– Ну, не совсем выключился… – В ее глазах сквозь боль вдруг прорвался лукавый огонек.
Смутные полуосознанные воспоминания хлынули в рассудок Яна.
Теперь он понял, почему проснулся совершенно голый.
– Это не болезнь, Ян, – дошел до него голос Мари. – Не болезнь, поверь. Правда, мне самой понадобилось время, чтобы уверовать в это.
– Поэтому ты не вернулась в город? – спросил он первое, что пришло на ум.
Мари закрыла глаза, но это не помогло, – предательская слезинка уже сорвалась с ресниц, прочертив влажную полоску на щеке.
– А кто бы вернулся на моем месте?..
Говорят, что время лечит любые раны, в том числе и душевные, но существует род воспоминаний, которые не подчинены правилу, они не стираются с годами, не теряют яркость и остроту.
Как будто все случилось вчера…
…Она очнулась от боли.
Рука горела огнем, не было сил пошевелиться, и Мари смогла лишь мучительно скосить глаза. Словно в тумане перед ней возник борт вездехода, огромное колесо, и… лужа несвернувшейся, отливающей серебром крови.
Крик застрял в пересохшем горле.
Она лежала, не в силах пошевелиться, и смотрела на собственную руку, которую кто-то испятнал металлизированными кляксами, как будто на ее раны пролили ртуть.
Бой уже отгремел, вокруг стояла звонкая тишина.

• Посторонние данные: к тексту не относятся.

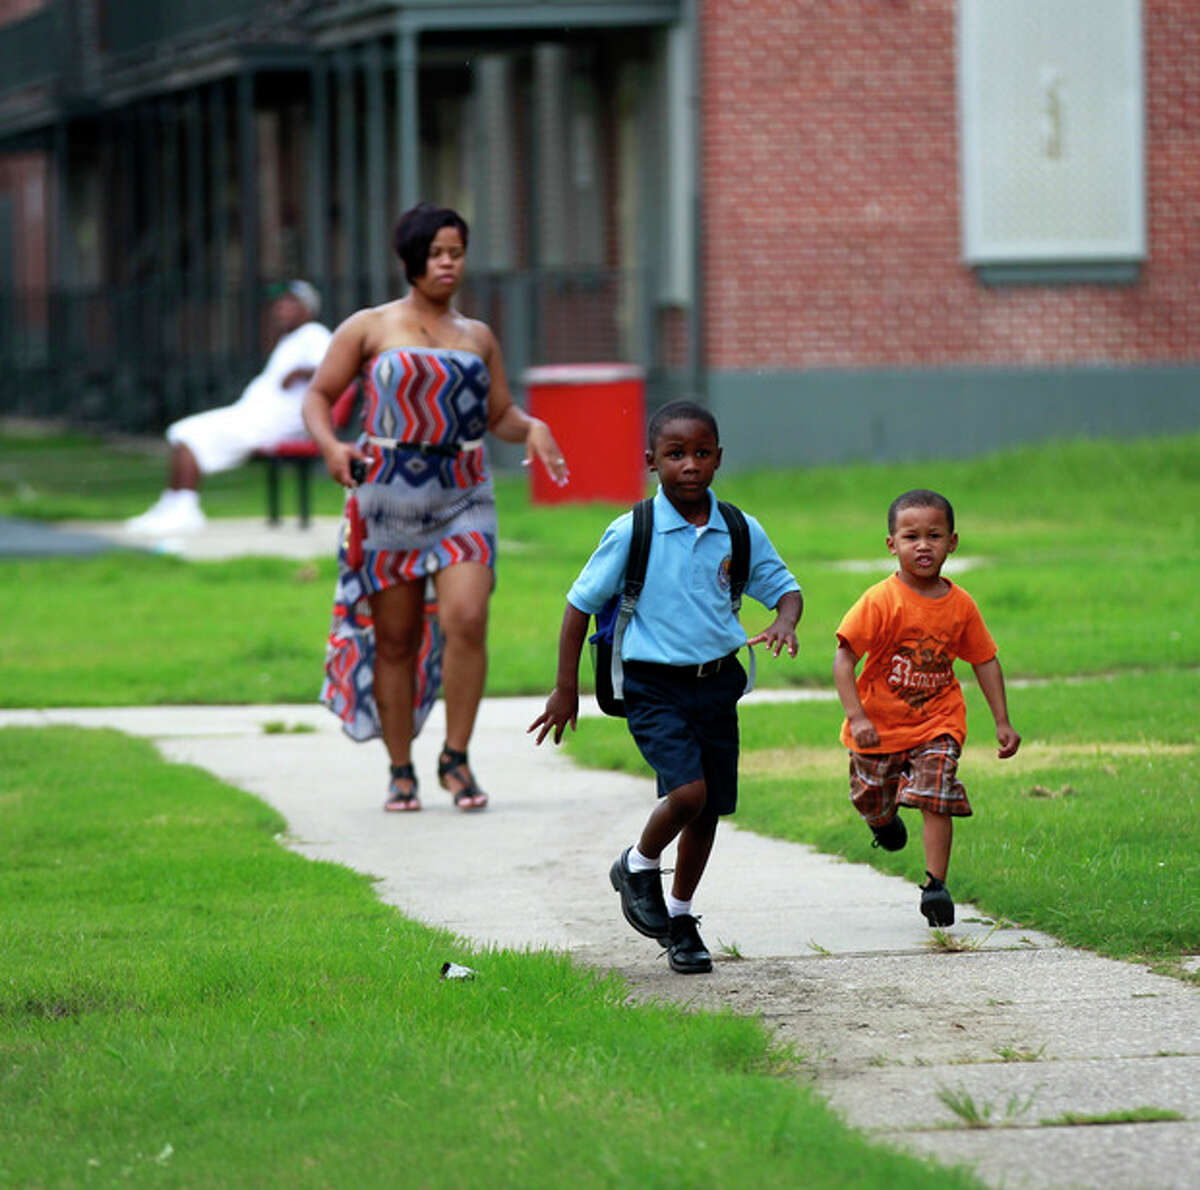 Children run in a courtyard of the Iberville housing projects, slated to be torn down, in New Orleans, Thursday, Aug. 23, 2012. The face of New Orleans is changing: Seven years after Hurricane Katrina the city many said would not recover is racially more diverse, and whiter, younger and richer; indicators not of failure but its success at reinventing itself. In fact, the city is experiencing a boom, and even gentrifying.(AP Photo/Gerald Herbert)

Затем где-то далеко зародился звук шагов, а вместе с ним и голоса:
– …никогда бы не поверил, не увидев своими глазами. Эта серебристая дрянь повсюду. Помнишь, утром подобрали двух раненых?
– Ну, помню, – глухо отозвался второй голос.
– Они заражены. Эта пакость въелась в раны. Хирурги пытались ее удалить, но бесполезно. Оба умерли на операционном столе.
– Вот дрянь…
Голоса приближались, и Мари, едва соображая, что делает, стала отползать, боком протискиваясь под просевшее днище разбитого вездехода.
Ее не заметили…
* * *
– Чуть позже я все покажу тебе на медицинском сканере, ладно? – предупреждая вопрос, попросила Мари. – А сейчас давай временно оставим эту тему.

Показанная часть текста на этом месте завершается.